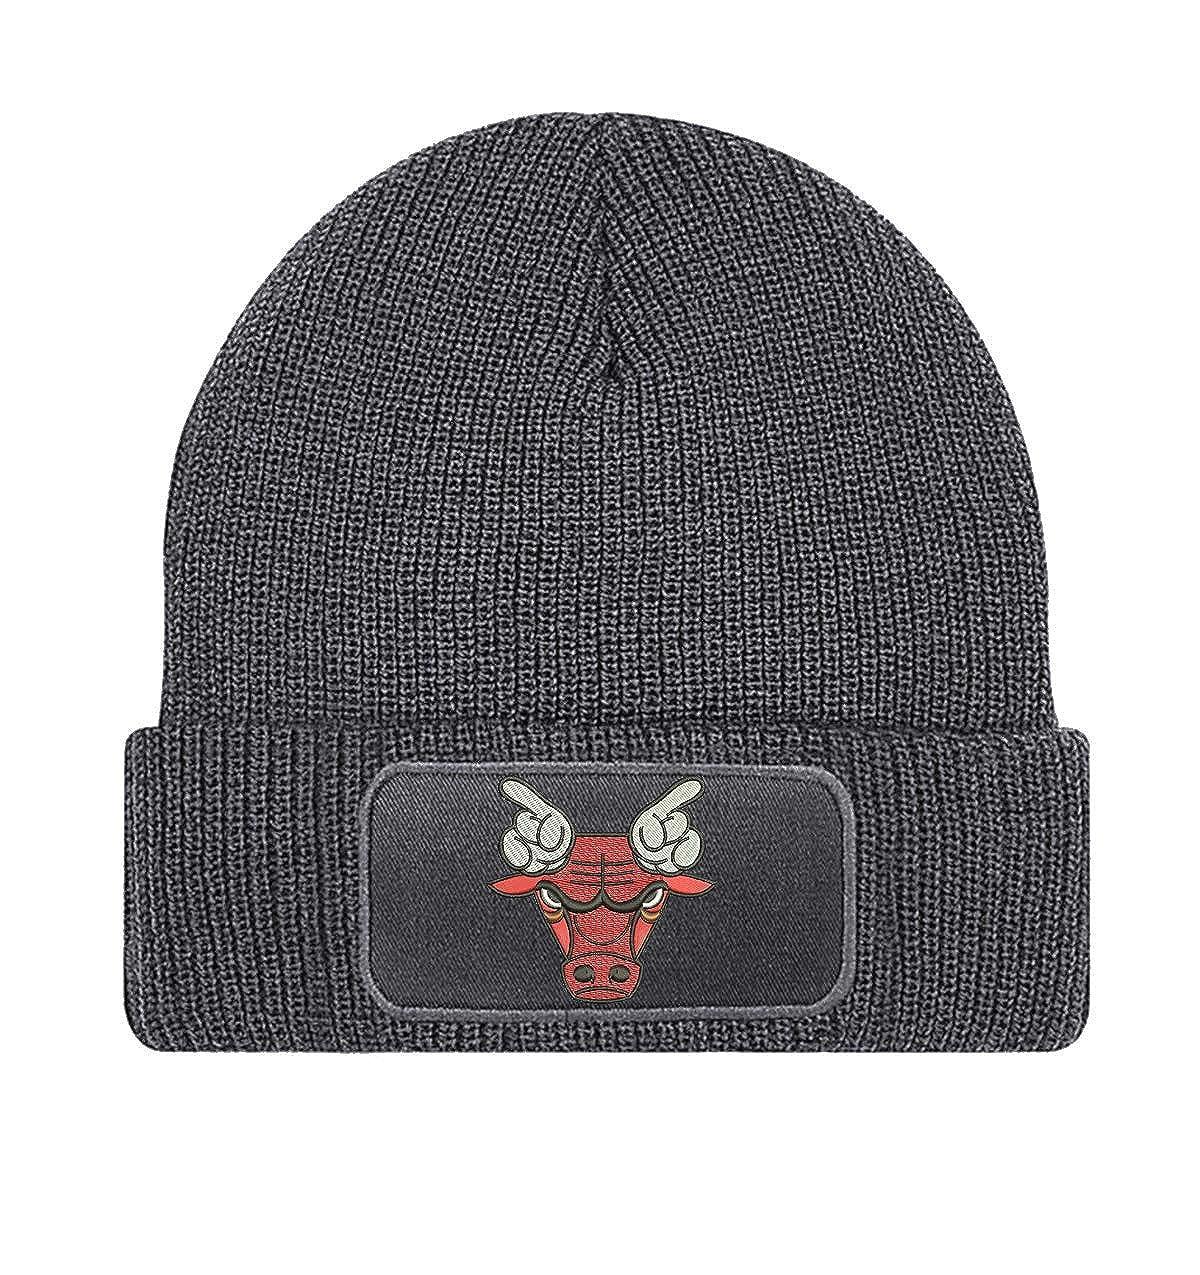 Natshop2000 Chicago Bulls STICK091 - Balón de Baloncesto con ...
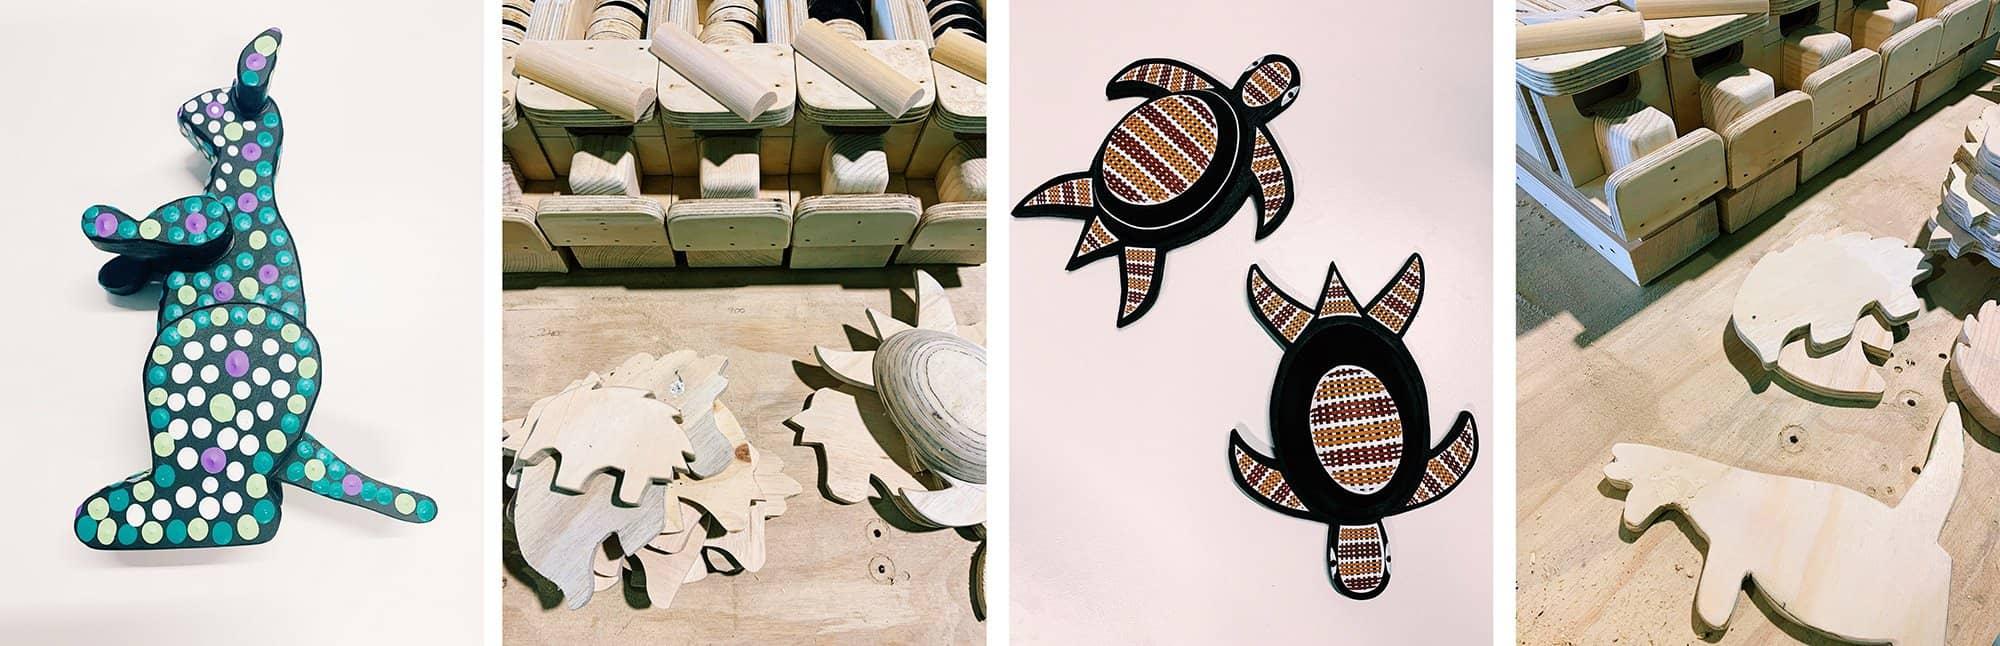 Painted turtle and kangaroo
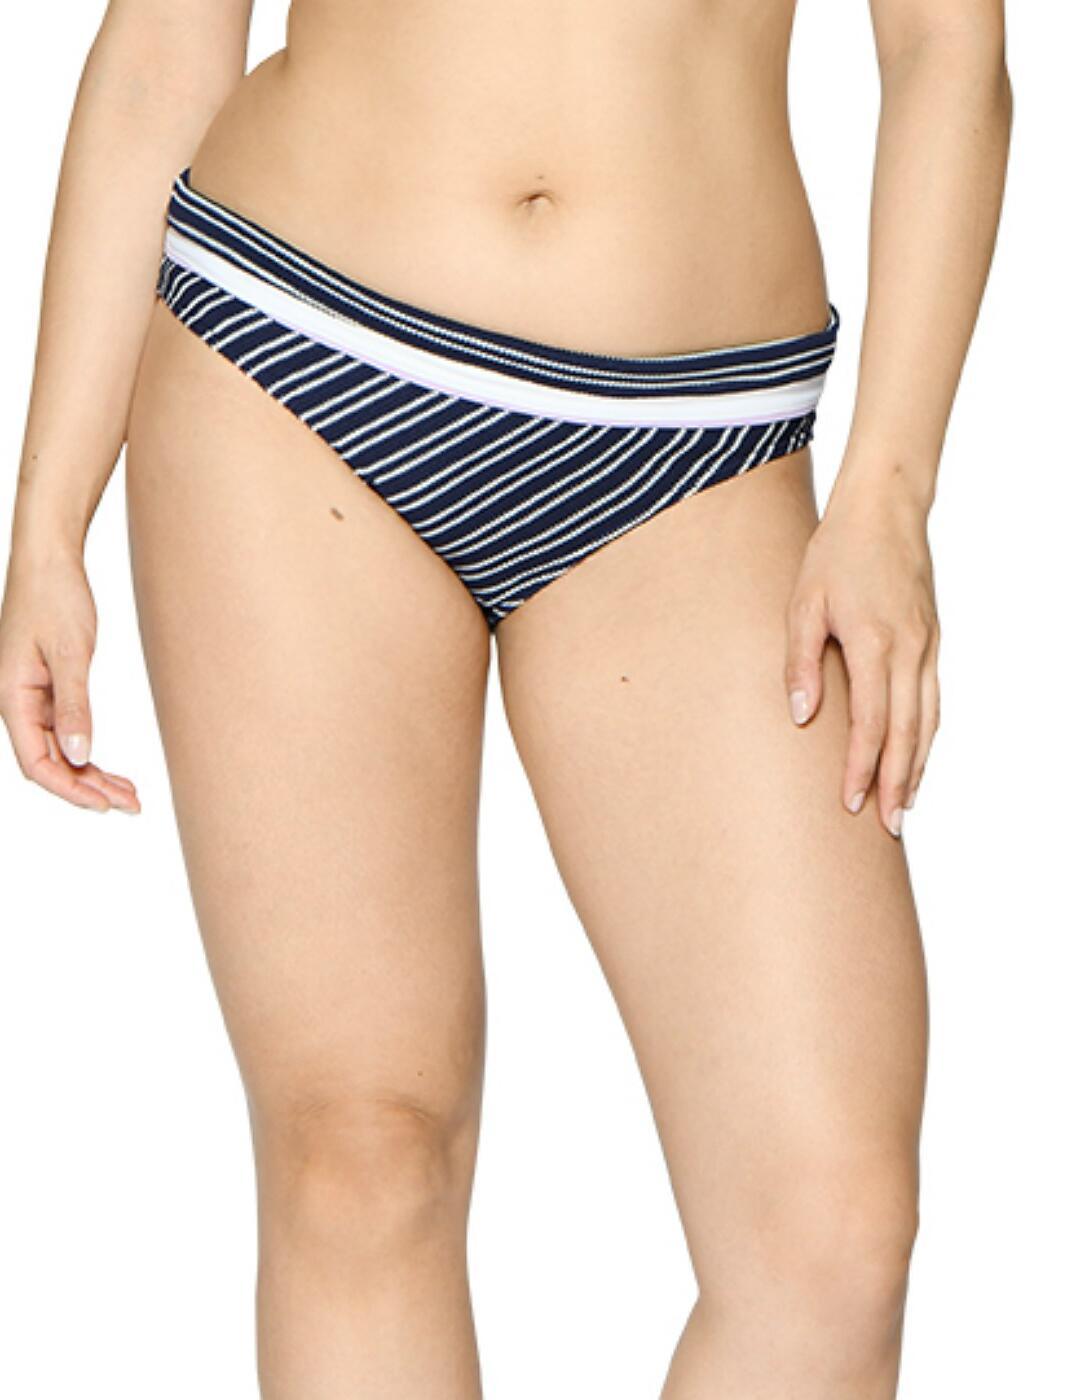 CS003503 Curvy Kate Sailor Girl Fold Bikini Brief - CS003503 Navy
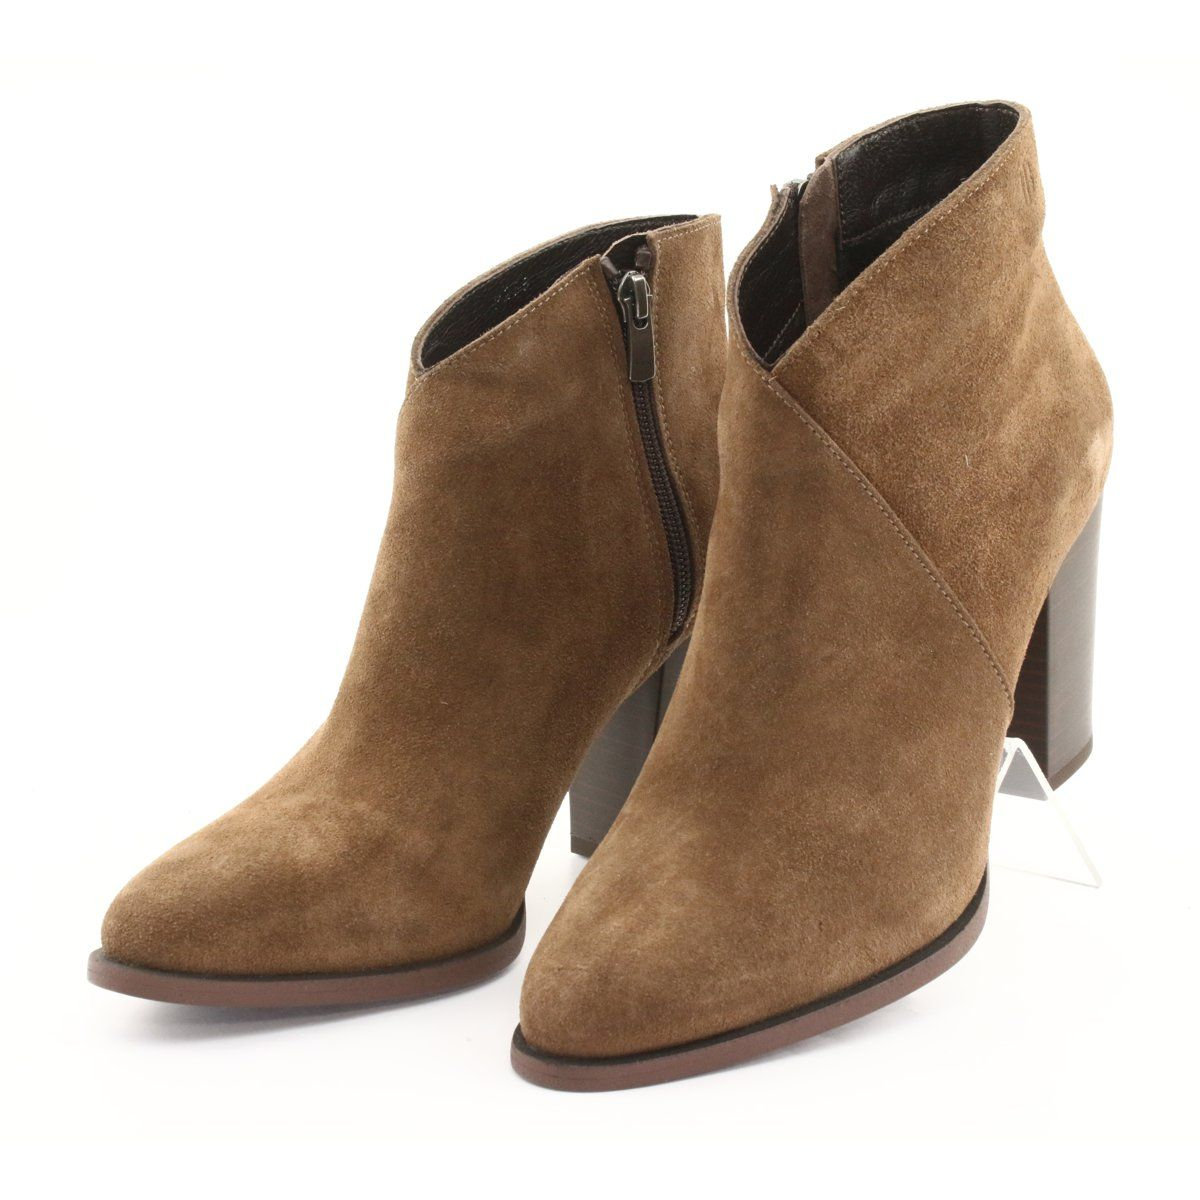 Badura Zamszowe Botki Na Slupku Brazowe Ankle Boot Shoes Boots

What is expected:
Output the lines above in full and exactly as given, omitting any pictures.

The answer:
 Natshop2000 Chicago Bulls STICK091 - Balón de Baloncesto con ...
 Painted turtle and kangaroo
 CS003503 Curvy Kate Sailor Girl Fold Bikini Brief - CS003503 Navy
 Badura Zamszowe Botki Na Slupku Brazowe Ankle Boot Shoes Boots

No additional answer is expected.